Recently I read “The Road” written by Cormac McCarthy and published in 2006 by Alfred A. Knopf. It was a story about a father and son struggling to survive as they attempted to travel towards a warmer climate in a post-apocalyptic world.

The entire premise of the story can be summarized on page two, in the second paragraph. “With the first gray light he rose and left the boy sleeping and walked out to the road and squatted and studied the country to the south. Barren, silent, godless. He thought the month was October but he wasn’t sure. He hadn’t kept a calendar for years. They were moving south. There’d be no surviving winter here.”

Even though you can pick up the tidbits of information that they are sleeping on the side of a road, living in a world where calendars hadn’t been in use for years and that they needed to get south before winter arrived – you have no idea and aren’t anywhere near prepared for the dips and turns that this roller-coaster of a book has in store. Intermittent flashbacks serve to build more of an understanding of the relationship between the father and son while leaving the origins the events that brought the world to this desolate stage shrouded in as much of a mystery as the world itself has become covered in soot and ash.

The boy is so young that he has never know any other world than the horrible world that he is in, so the father tells him stories of how they are the “good guys” who are carrying “the fire” in an effort to make it seem like all of their experiences on the road are worthwhile. They must always stay vigilant of the potential dangers around them. They must always continue to move forward.

The 241 pages of the book flew past me in two days as my eyes nervously moved from word to word and page to page in a bid to somehow keep the almost certain doom of the main characters at bay, the impact of this book has already managed to stick with me for a considerably longer amount of time.
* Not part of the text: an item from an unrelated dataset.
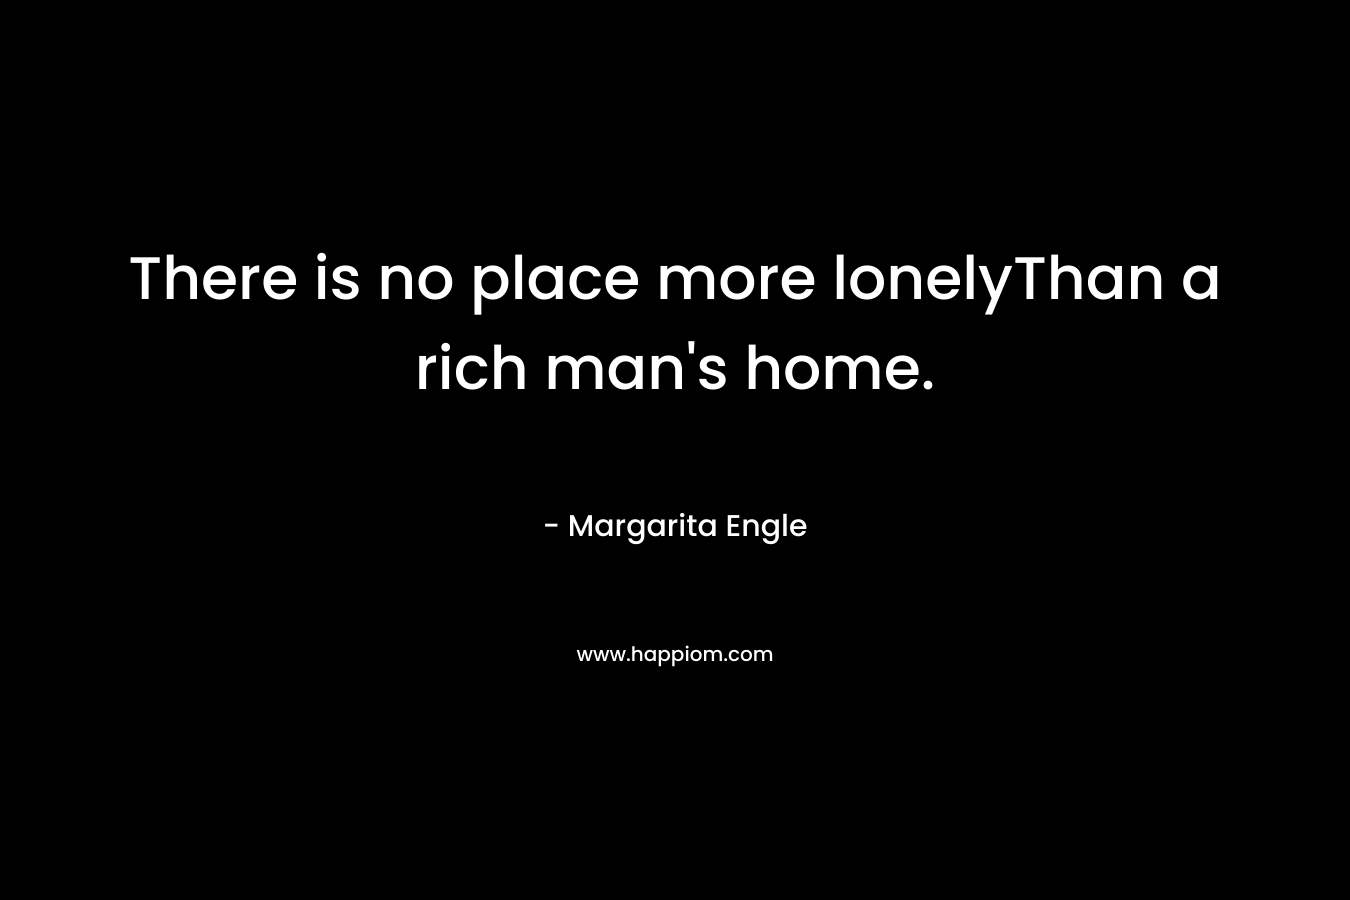 There is no place more lonelyThan a rich man's home.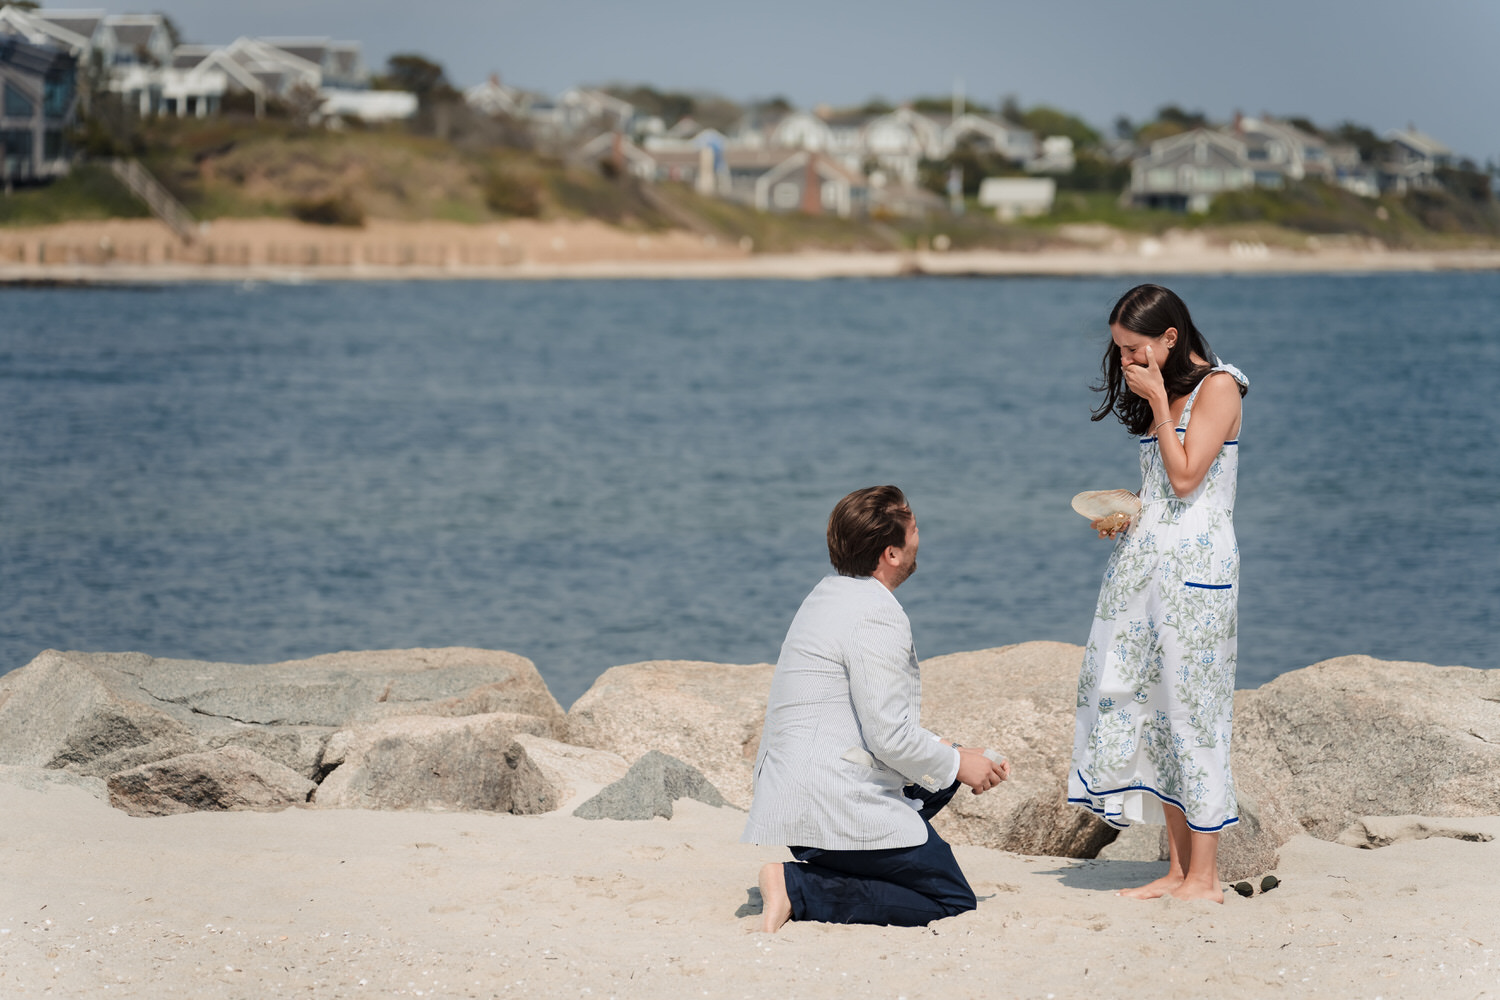 A Boston proposal photographer captures a man proposing to a woman on the beach.

The cadence of the writing – which is mostly broken up into small quick moving paragraphs – drew me in and kept me at the edge of my seat and I am really glad that I read it.

While not for the faint of heart, I would highly recommend Cormac McCarthy’s “The Road” to anyone wanting a tense story that they will continue to think and possibly worry about long after they have finished.

Thank you to Random House for telling me how to write a “Classic format” book report. Maybe for my next report I will choose the “Collage format” or perhaps the “Interview” – who knows?!

2 replies
  1. bobo
    bobo says:

    Hey, that was a good book report. Can I turn it in to my English teacher tomorrow? I really need an A. BTW, how does the book end; did they meet doom and gloom?

  2. bumpercar
    bumpercar says:

    doom was indeed met – friend bobo . . . but fortunately for everyone involved gloom actually wasn't able to make it (mostly – rumor has it – because of a particularly nasty case of the gout).

    that is all that i can honorably say of the ending – but with that – i do feel at liberty to give you this bit of advice – when writing book reports read the first, the mostest middle(est) and last pages – and – with a smidge of luck – your book report will turn out stupendously.